Le gars lève les deux poings comme un boxeur. Sa femme crie pour le dissuader de frapper un de ses clients. Je reste devant lui. Le gars baisse les bras après quelques secondes (je vois que sa cellule du bon-sens vient de se réveiller dans son cerveau), retraite derrière le comptoir et continue à m'engueuler en laotien.

Je suis hors de moi. Je continue à défier le malade mental. "Envoye gros épais, frappe-moi, frappe-moi juste une fois. J'aimerais bien voir ça". Le scénario était déjà fait dans ma tête: un bleu sur mon visage et c'est la plainte à la police et à l'ambassade du Canada.

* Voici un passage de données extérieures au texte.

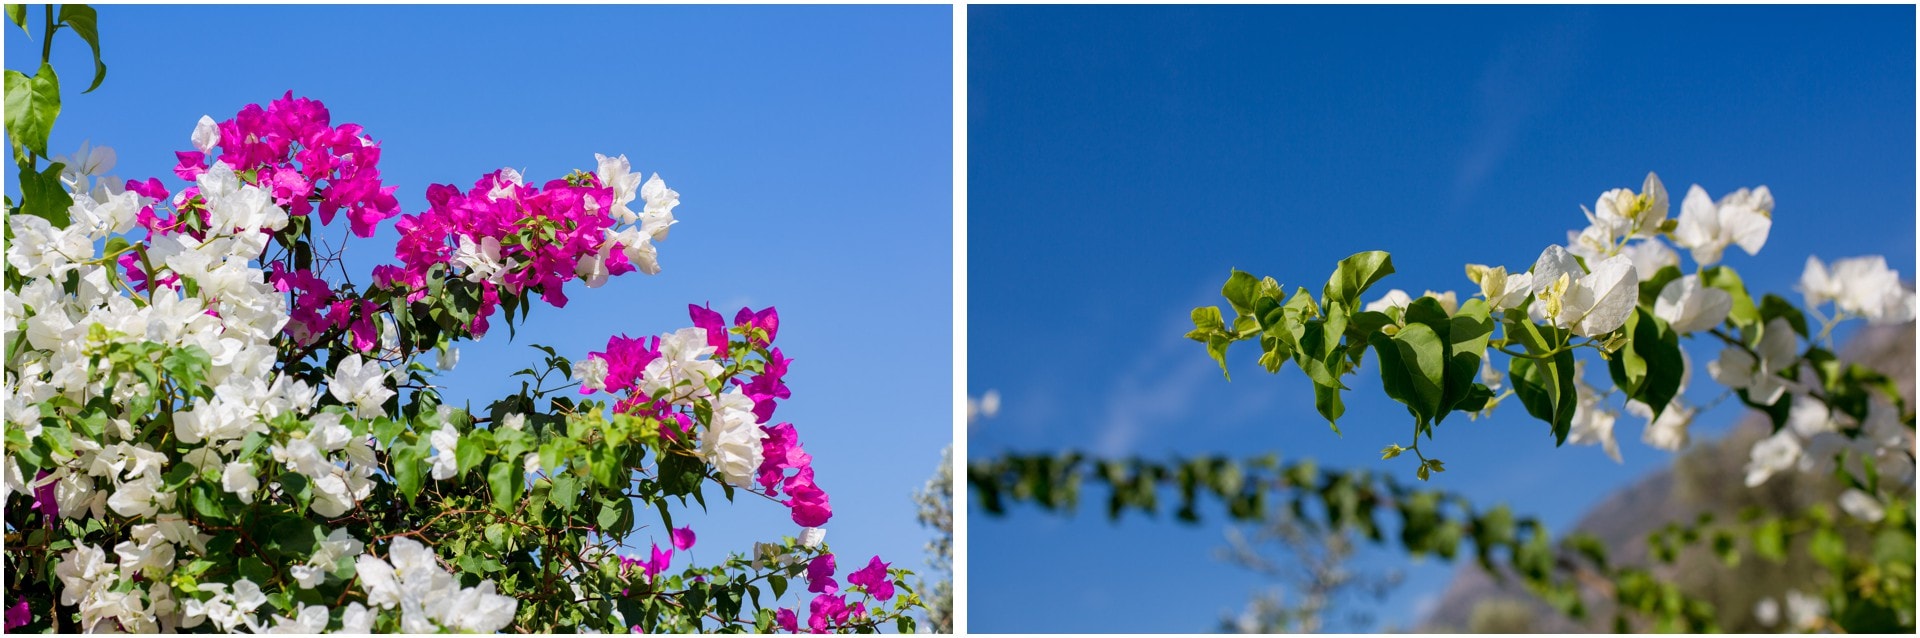 flowers against a blue sky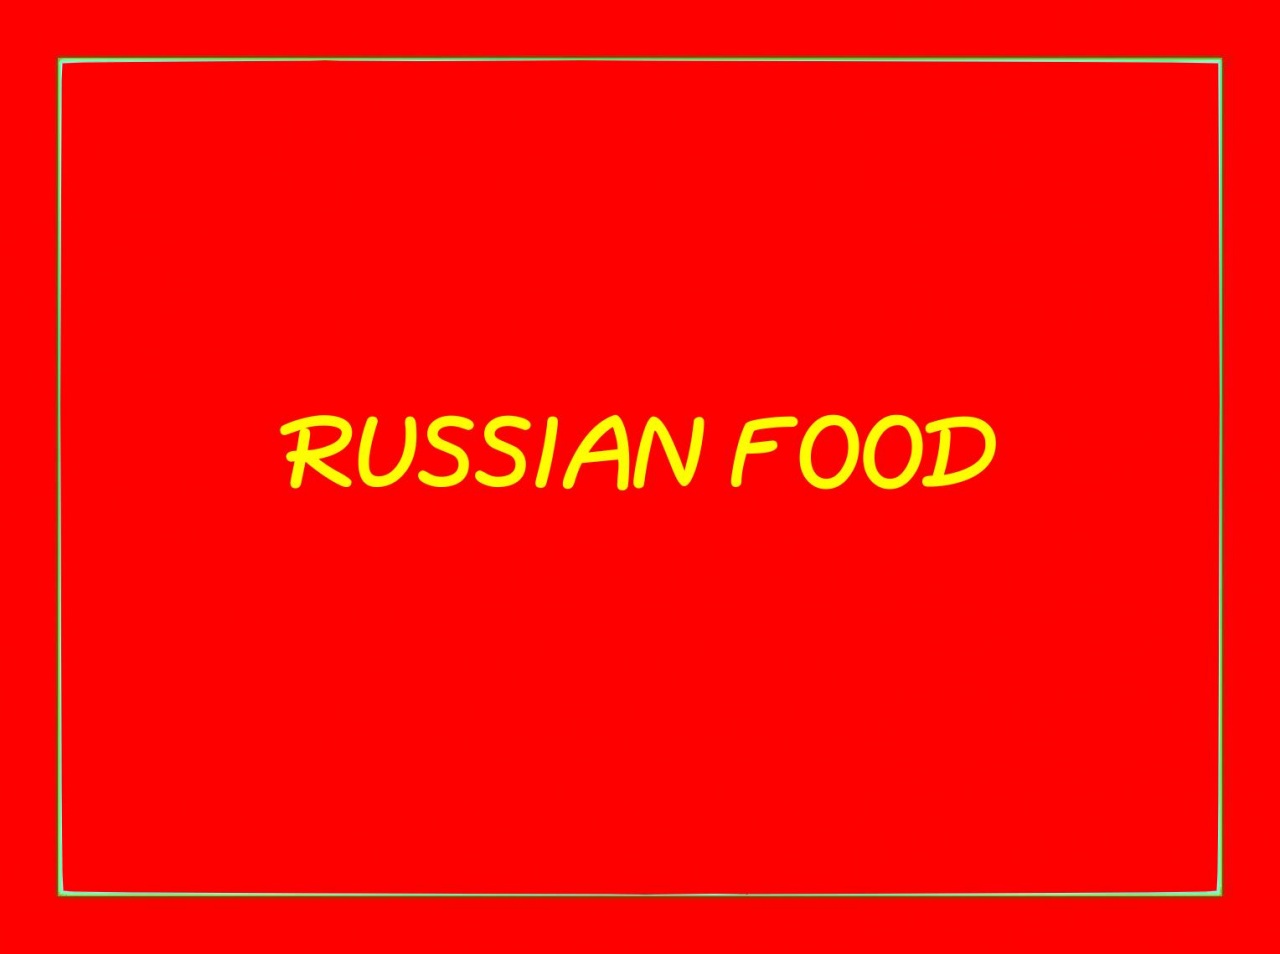 RUSSIAN FOOD

Je quitte la scène. Mon "fuck you ass hole!" est bien senti, bien puissant et bien profond. Le sien aussi. Mais je m'en fous. L'important est que le malade mental ne m'ait pas mordu... après tout, je suis vacciné contre la rage animale, mais je ne crois pas que le vaccin soit assez puissant pour contrer les morsures de ce malade mental.

PS: Idéalement, vous éviteriez cette histoire et vous n'iriez jamais donner votre argent aux deux fous furieux du Jardin Organique à Vang Vieng. Conseil d'ami.